» **Exercise**
Transcribe the data in full, keeping each line exactly as it appears.

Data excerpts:
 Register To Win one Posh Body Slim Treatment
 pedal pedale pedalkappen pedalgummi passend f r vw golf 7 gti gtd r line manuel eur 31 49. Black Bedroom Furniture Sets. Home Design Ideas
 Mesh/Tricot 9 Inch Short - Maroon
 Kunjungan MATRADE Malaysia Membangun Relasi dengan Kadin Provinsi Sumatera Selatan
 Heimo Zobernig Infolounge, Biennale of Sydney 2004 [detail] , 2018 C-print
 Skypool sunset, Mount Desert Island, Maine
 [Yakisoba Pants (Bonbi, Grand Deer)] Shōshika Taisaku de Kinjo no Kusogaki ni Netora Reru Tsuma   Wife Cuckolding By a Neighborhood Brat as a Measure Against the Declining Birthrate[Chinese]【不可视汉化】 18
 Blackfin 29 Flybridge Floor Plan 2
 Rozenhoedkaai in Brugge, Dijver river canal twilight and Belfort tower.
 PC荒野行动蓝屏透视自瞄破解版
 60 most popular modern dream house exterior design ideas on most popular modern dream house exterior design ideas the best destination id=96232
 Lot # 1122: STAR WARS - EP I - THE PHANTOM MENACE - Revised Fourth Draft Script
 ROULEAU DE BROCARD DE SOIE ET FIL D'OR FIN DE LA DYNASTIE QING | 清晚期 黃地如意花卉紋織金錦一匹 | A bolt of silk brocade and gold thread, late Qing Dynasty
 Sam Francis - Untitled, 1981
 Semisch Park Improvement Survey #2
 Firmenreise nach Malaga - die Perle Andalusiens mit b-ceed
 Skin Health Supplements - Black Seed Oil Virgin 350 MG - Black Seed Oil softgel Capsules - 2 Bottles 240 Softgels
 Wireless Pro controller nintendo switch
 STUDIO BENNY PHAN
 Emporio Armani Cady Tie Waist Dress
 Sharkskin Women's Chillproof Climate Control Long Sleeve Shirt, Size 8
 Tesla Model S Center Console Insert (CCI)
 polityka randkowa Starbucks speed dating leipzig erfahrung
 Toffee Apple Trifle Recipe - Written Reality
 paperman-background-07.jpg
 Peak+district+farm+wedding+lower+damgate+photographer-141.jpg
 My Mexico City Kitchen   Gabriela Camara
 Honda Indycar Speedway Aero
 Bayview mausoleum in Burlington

» **Written solution**
 Register To Win one Posh Body Slim Treatment
 pedal pedale pedalkappen pedalgummi passend f r vw golf 7 gti gtd r line manuel eur 31 49. Black Bedroom Furniture Sets. Home Design Ideas
 Mesh/Tricot 9 Inch Short - Maroon
 Kunjungan MATRADE Malaysia Membangun Relasi dengan Kadin Provinsi Sumatera Selatan
 Heimo Zobernig Infolounge, Biennale of Sydney 2004 [detail] , 2018 C-print
 Skypool sunset, Mount Desert Island, Maine
 [Yakisoba Pants (Bonbi, Grand Deer)] Shōshika Taisaku de Kinjo no Kusogaki ni Netora Reru Tsuma   Wife Cuckolding By a Neighborhood Brat as a Measure Against the Declining Birthrate[Chinese]【不可视汉化】 18
 Blackfin 29 Flybridge Floor Plan 2
 Rozenhoedkaai in Brugge, Dijver river canal twilight and Belfort tower.
 PC荒野行动蓝屏透视自瞄破解版
 60 most popular modern dream house exterior design ideas on most popular modern dream house exterior design ideas the best destination id=96232
 Lot # 1122: STAR WARS - EP I - THE PHANTOM MENACE - Revised Fourth Draft Script
 ROULEAU DE BROCARD DE SOIE ET FIL D'OR FIN DE LA DYNASTIE QING | 清晚期 黃地如意花卉紋織金錦一匹 | A bolt of silk brocade and gold thread, late Qing Dynasty
 Sam Francis - Untitled, 1981
 Semisch Park Improvement Survey #2
 Firmenreise nach Malaga - die Perle Andalusiens mit b-ceed
 Skin Health Supplements - Black Seed Oil Virgin 350 MG - Black Seed Oil softgel Capsules - 2 Bottles 240 Softgels
 Wireless Pro controller nintendo switch
 STUDIO BENNY PHAN
 Emporio Armani Cady Tie Waist Dress
 Sharkskin Women's Chillproof Climate Control Long Sleeve Shirt, Size 8
 Tesla Model S Center Console Insert (CCI)
 polityka randkowa Starbucks speed dating leipzig erfahrung
 Toffee Apple Trifle Recipe - Written Reality
 paperman-background-07.jpg
 Peak+district+farm+wedding+lower+damgate+photographer-141.jpg
 My Mexico City Kitchen   Gabriela Camara
 Honda Indycar Speedway Aero
 Bayview mausoleum in Burlington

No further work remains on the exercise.